Enforcing the obligation as part of an award for spousal support was recognized in Motlagh v. Motlagh. (16) During a divorce, initiated by the sponsoring spouse, the lower court concluded that the I-864 affidavit was not an obligation to pay defendant 125% of the federal poverty line and that the husband was only obliged to act as a “safety net.” This decision was reversed by the court of appeals, holding that the husband was required to satisfy his support obligation by paying whatever amount was necessary for the beneficiary spouse to reach the 125% mark, permitting consideration of all income sources that the beneficiary receives. The court explained that this could be achieved either through a spousal support order arising from the divorce proceedings or a separate I-864 support obligation enforcement action.

Other courts, however, go the opposite direction, finding the I-864 inadequate as grounds for spousal support. In 2014, an Intermediate Washington State Appeals Court shot down the Motlagh argument reasoning that the state’s statutory factors listed for consideration in awards of spousal support do not include an I-864 obligation. (17)

Creative lawyering in this area could help forge a new argument for Oklahoma clients seeking spousal support as more attorneys become aware of the ongoing obligations that the I-864 creates. The argument could also be used to defend against spousal support by pointing out that the obliging spouse will continue to face liability from federal agencies on behalf of any assistance his ex-spouse receives during whatever time remains under the 10-year pledge.

As the Oklahoma immigrant community continues growing, these family law arguments are likely to develop and grow as well, highlighting how many hats a divorce lawyer wears every day as we answer questions ranging from immigration policies to tax concerns.
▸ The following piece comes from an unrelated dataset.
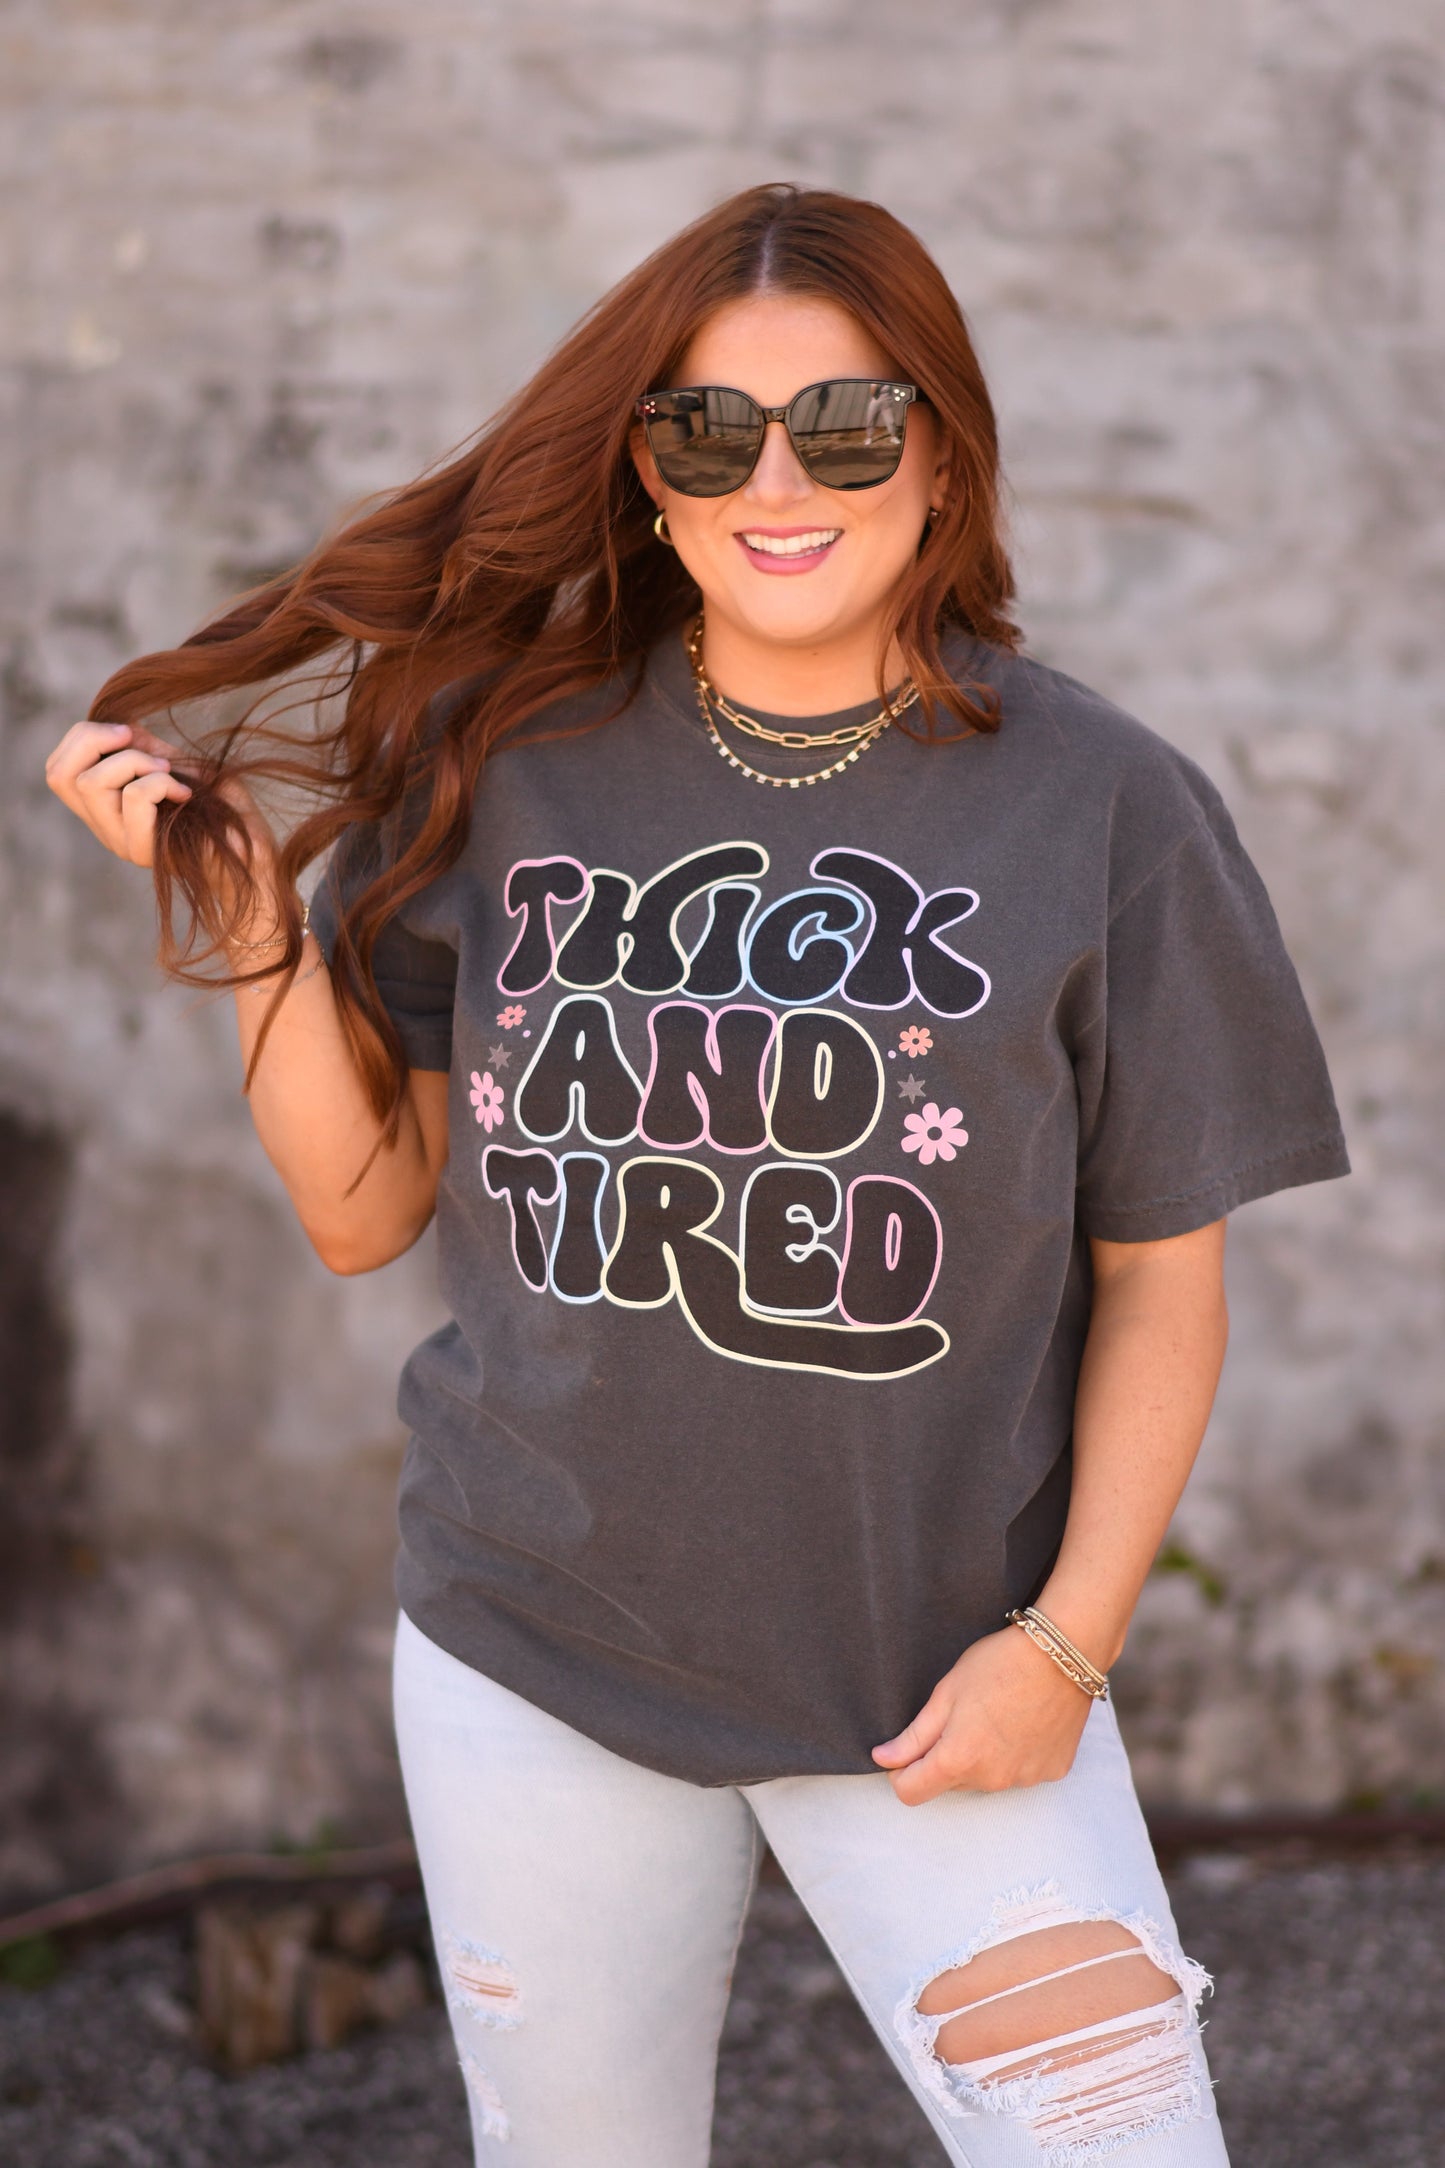 Thick and tired tee

Knowing all these legal issues while balancing a client’s emotional stress during one of the hardest times of their lives makes for a well-rounded and well-in-formed family law practice.

ABOUT THE AUTHORS

Cassity B. Gies, associate attorney at Phillips Murrah, is passionate about family law. Her practice focuses on family law including divorce and separation, custody and child support issues. Her experience in immigration, domestic abuse, and employment law provide a comprehensive understanding of collateral matters relating to family law. She graduated summa cum laude from the OCU School of Law in 2019 as a Hatton W. Sumners scholar and represented her graduating class as the William Conger Distinguished Student.
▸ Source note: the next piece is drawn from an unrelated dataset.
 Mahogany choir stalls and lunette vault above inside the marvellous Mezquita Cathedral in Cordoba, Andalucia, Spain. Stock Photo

Sajani “Ann” Zachariah immigrated to the United States in 1984 at 5 years old. She graduated from the OCU School of Law in 2011, joining Mazaheri Law Firm in 2012. She practices family law and immigration law, two areas in which she has personal experience.

 


ENDNOTES

    1. Persons Obtaining Lawful Permanent Resident Status By Type And Major Class Of Admission: Fiscal Year, U.S. Dept. Homeland Sec., 2014 to 2016, www.dhs.gov/immigration-statistics/yearbook/2016/table6, (last visited Sept. 16, 2019).
    2. Joshua A Krisch, “Mapping Americans’ Divorce Risk By State Paints an Unnerving Picture,” Fatherly, (June 7, 2018), www.fatherly. com/health-science/american-divorce-rate-state/.
    3. Id.
    4. I-485, Application to Register Permanent Residence or Adjust Status, U.S. Citizenship & Immigration Serv., www.uscis.gov/i-485, (last visited Sept. 16, 2019).
    5. Affidavit of Support, U.S. Citizenship & Immigration Serv., www.uscis.gov/greencard/affidavit-support (last visited Sept. 16, 2019).
    6. Id.
    7. Id.
    8. 8 U.S.C. §1183(a) (2009).
    9. Form I-864P, 2019 HHS Poverty Guidelines for Affidavit of Support, U.S. Citizenship & Immigration Serv., www.uscis.gov/i-864p (last visited Sept. 17, 2019).
    10. Id.
    11. Memorandum on Enforcing the Legal Responsibilities of Sponsors of Aliens, 2019 Daily Comp. Pres. Doc 201900334 (May 23, 2019).
    12. Poverty Guidelines, U.S. Dep’t Health & Human Serv., aspe.hhs.gov/poverty-guidelines (last visited Sept. 18, 2019).
    13. See Schwartz v. Schwartz, No. 04-CV-00770, 2005 WL 1242171.
    14. Erler v. Erler, 824 F.3d 1173, 1177 (9th Cir. 2016).
    15. Id.
    16. 100 N.E. 3d 937, 944 (Ohio App. 2d Dist.2017).